Untuk mengasah kecerdasan diperlukan upaya untuk memahami segala sesuatu, baik kejadian yang dialami, dibaca, maupun dilihat. Dalam pemahaman itulah terjalin suatu hubungan kerjasama otak antara penyusunan imaji dan perangkaiannya dalam suatu bentuk komunikasi, yang dalam hal ini adalah tulisan. Efek atau suasana perasaan dan emosi baik persepsi, ekspresi, maupun kesadaran pengalaman emosional, secara predominan diperantarai oleh right hemisfer. Artinya, hemisfer ini memainkan peran besar dalam perkembangan emosi, yang sangat penting bagi perkembangan sifat-sifat manusia yang manusiawi. Kehalusan dan kepekaan seseorang untuk dapat ikut merasakan perasaan orang lain, menghayati pengalaman kehidupan dengan "perasaan", adalah fungsi otak kanan, sedang kemampuan mengerti perasaan orang lain, mengerti pengalaman dengan rasio adalah fungsi otak kiri. Kemampuan seseorang untuk dapat berkomunikasi dengan baik dan manusiawi dengan orang lain merupakan percampuran antara otak kanan dan kiri.
Menulis juga merupakan pengejawantahan kegiatan membaca, baik yang berasal dari bacaan, pengalaman maupun penafsiran. Kemampuan menulis yang tidak diimbangi dengan kemampuan membaca bagaikan sayur tanpa garam.

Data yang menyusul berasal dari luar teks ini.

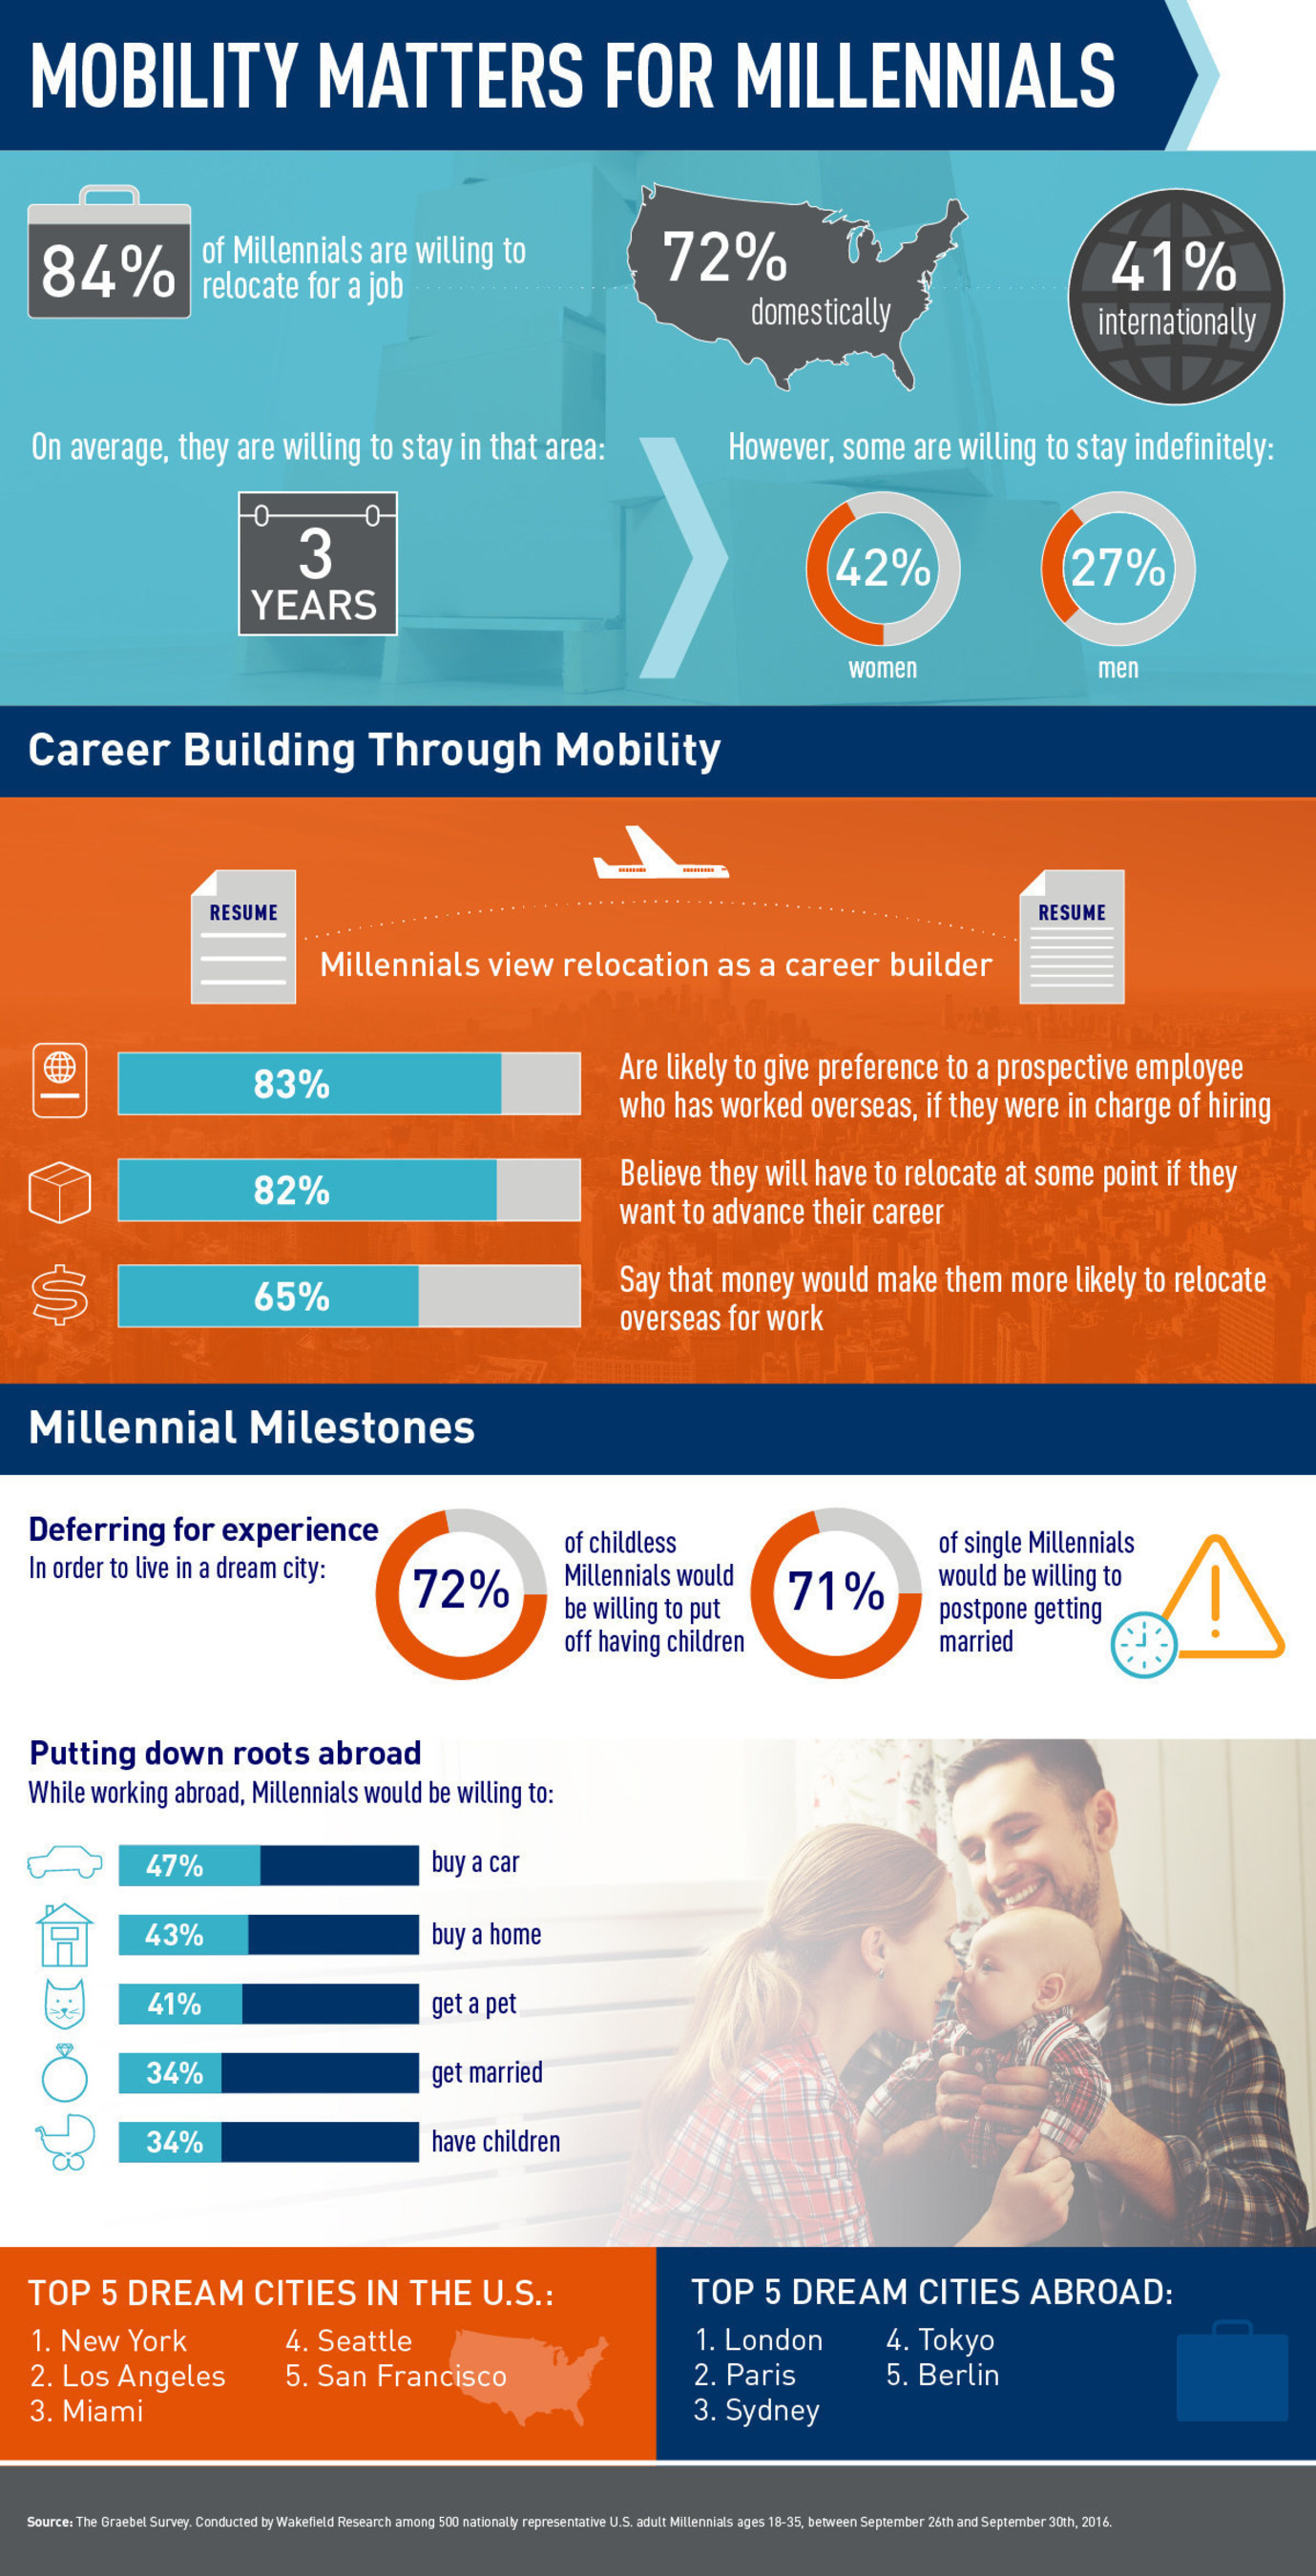 New survey finds Millennials are willing to relocate for a job and see mobility as essential for career advancement.

Agar dapat melakukan analisis yang tajam, bukti dan data yang akurat dan terpercaya, seorang penulis dituntun untuk mampu membaca semua fenomena yang ada.
Dalam mengukur kemampuan berbahasa, refleksi merupakan kemampuan metabahasa yang menjadi indikator kecerdasan. Seseorang yang telah memiliki budaya menulis tidak saja dapat dipastikan cerdas secara linguistis tetapi juga cerdas secara intelektual, sebab ia membuktikan tidak saja mampu berbahasa tetapi juga mampu mengemukakan data, fakta, serta analisisnya dalam bentuk tulisan.

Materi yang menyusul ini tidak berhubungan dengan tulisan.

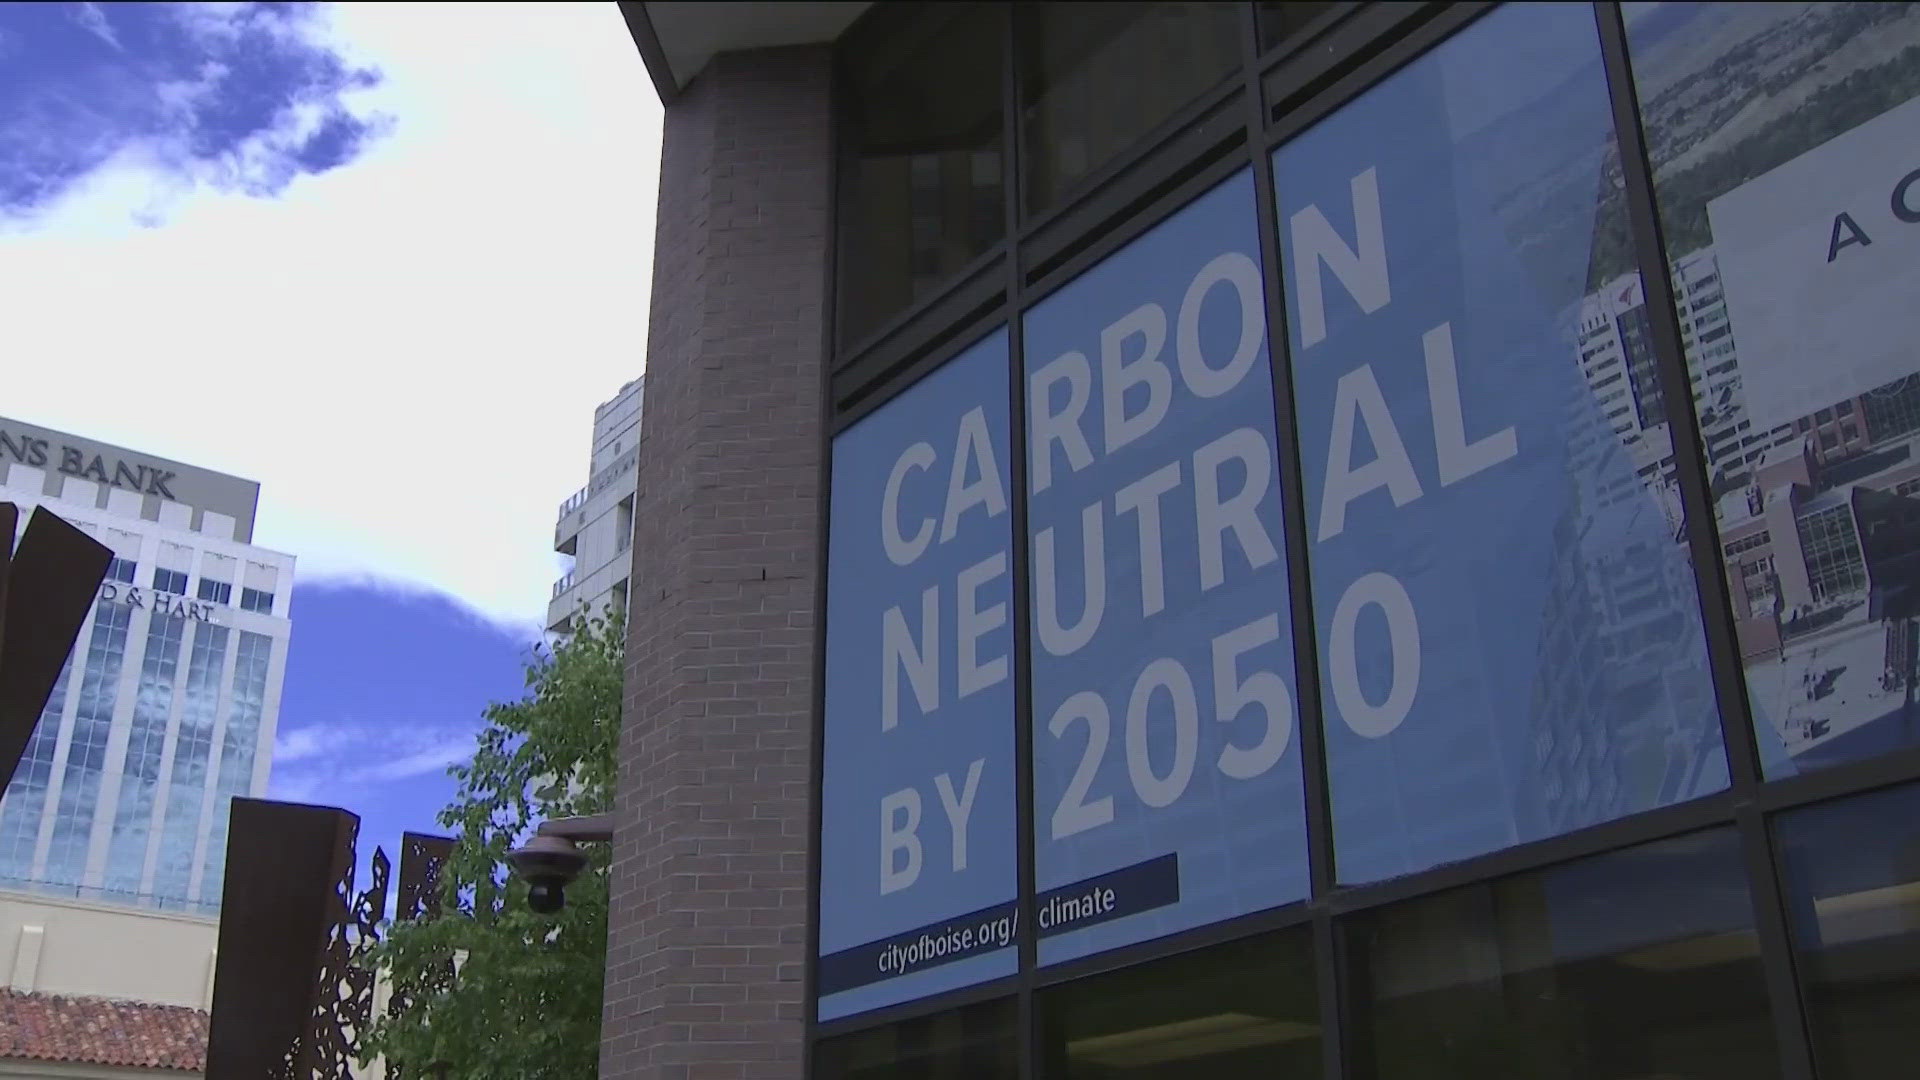 In 2021, the City of Trees developed a plan to go carbon neutral, but what does "carbon neutral" mean?

Budaya baca-tulis yang kuat ternyata dapat mempercepat proses terciptanya komunitas terdidik dengan kesempatan belajar yang tak terbatas, mempercepat penjalaran dan pembiakan pengetahuan serta mendorong terciptanya ruang-ruang kreativitas baru bagi masyarakat dalam menghadapi tantangan hidup sehingga terbentuk manusia-manusia yang cerdas hanya dengan melalui pengembangan budaya baca-tulis. Telaah lebih jauh memperlihatkan bahwa anak yang biasa atau gemar membaca terbukti jauh lebih pandai, serta memiliki IQ dan EQ yang lebih tinggi daripada anak yang kurang banyak membaca. Anak yang senang membaca mempunyai penalaran dan tingkat kecerdasan yang jauh di atas rata-rata kelas, dan tingkat emosionalnya sangat seimbang. Bahkan dalam melakukan ”problem solving” rata-rata lebih logis pemikirannya, disertai dengan bahasa yang runtut dan santun.

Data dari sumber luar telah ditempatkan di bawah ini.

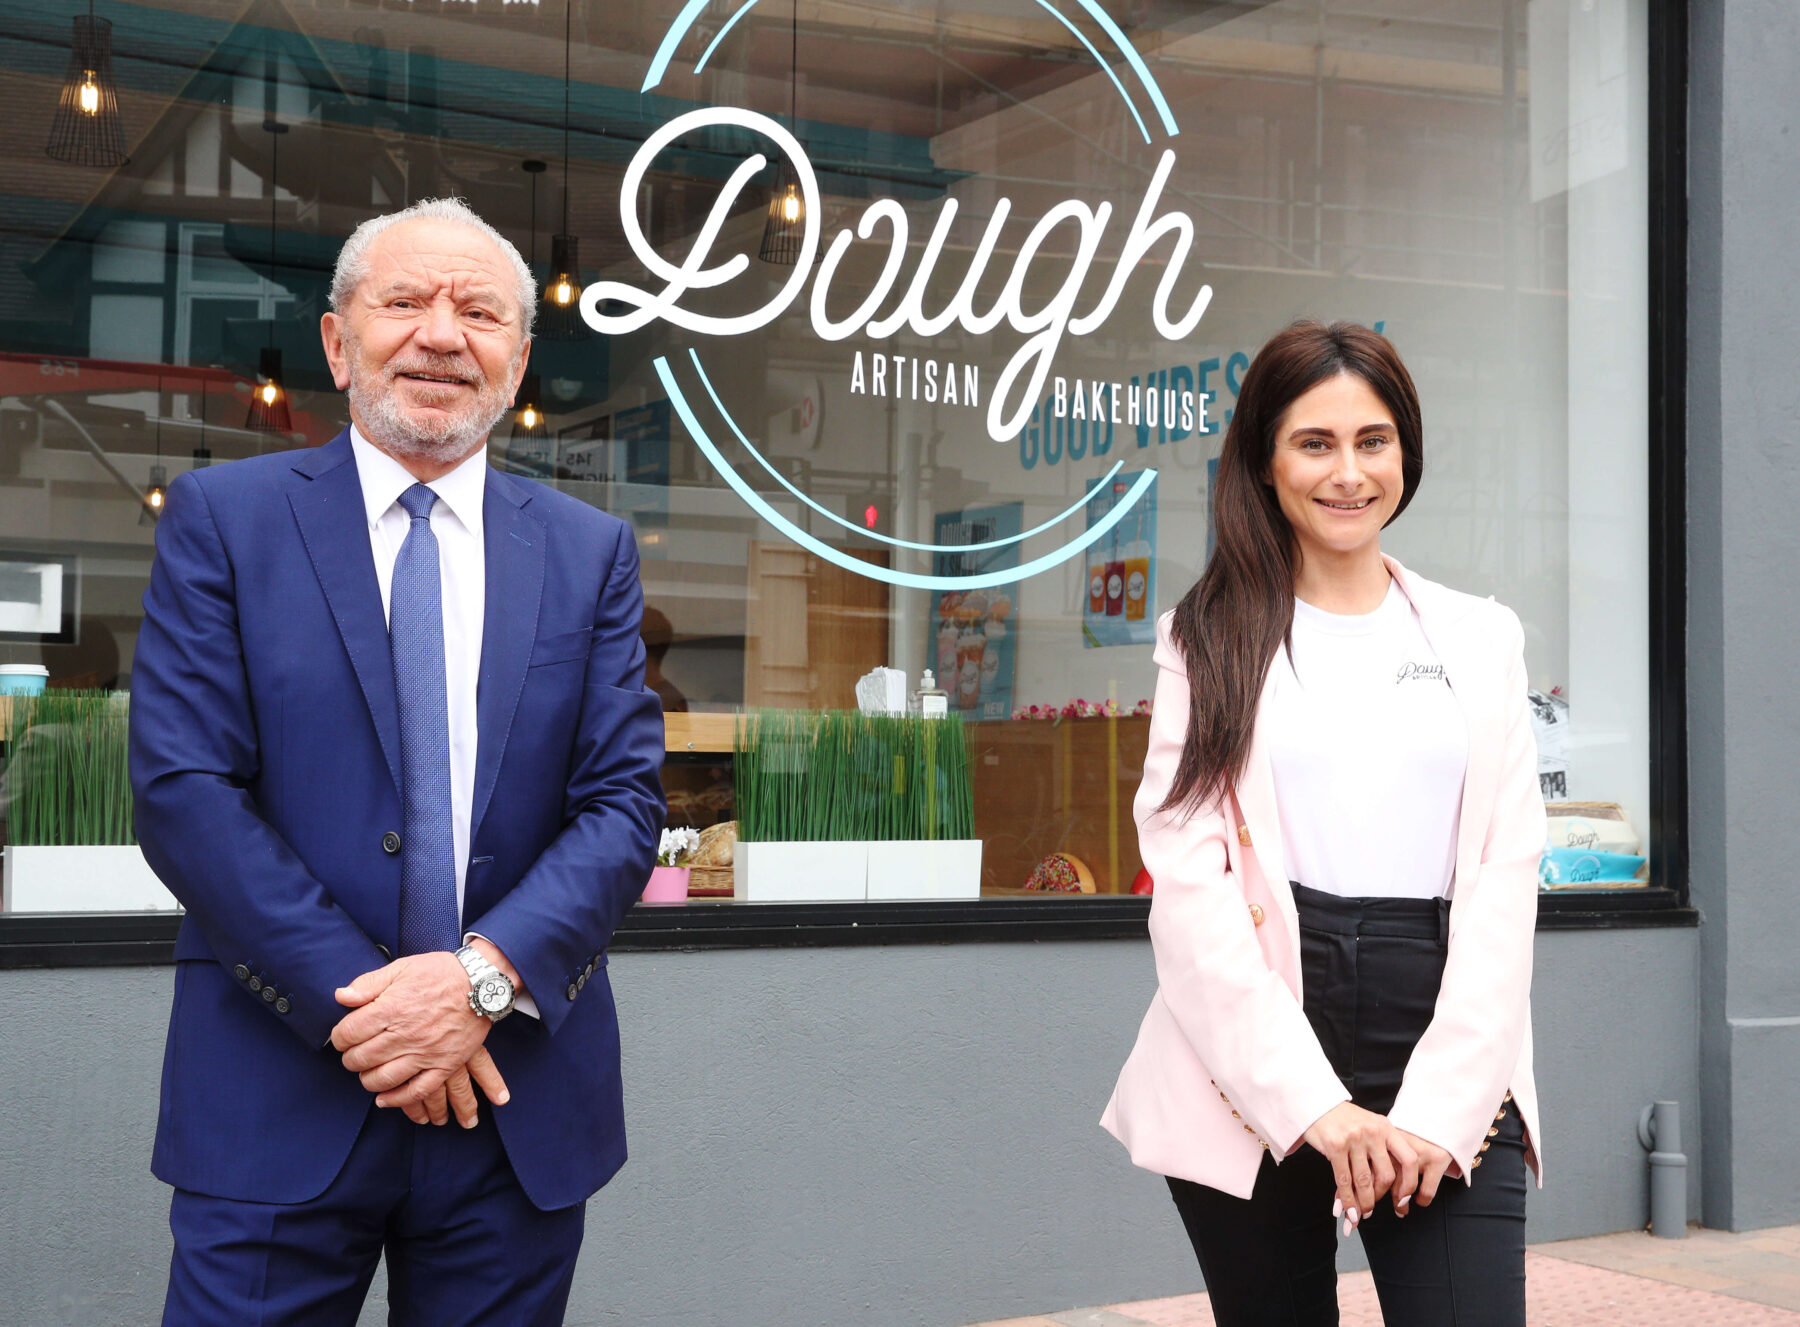 Carina Lepore with Lord Alan Sugar outside Dough Artisan bakehouse 2 scaled

Menulis sebagai salah satu bentuk komunikasi afektif dapat memberikan pengalaman emosional. Emosi, yang merupakan suatu pengalaman subjektif, dimiliki oleh setiap manusia. Kemampuan merasakan, menghayati, dan mengevaluasi makna dari interaksi dengan lingkungan, ternyata dapat dirangsang dan dioptimalkan melalui proses menulis sejak dini. Karena itu, menulislah, maka kau akan cerdas.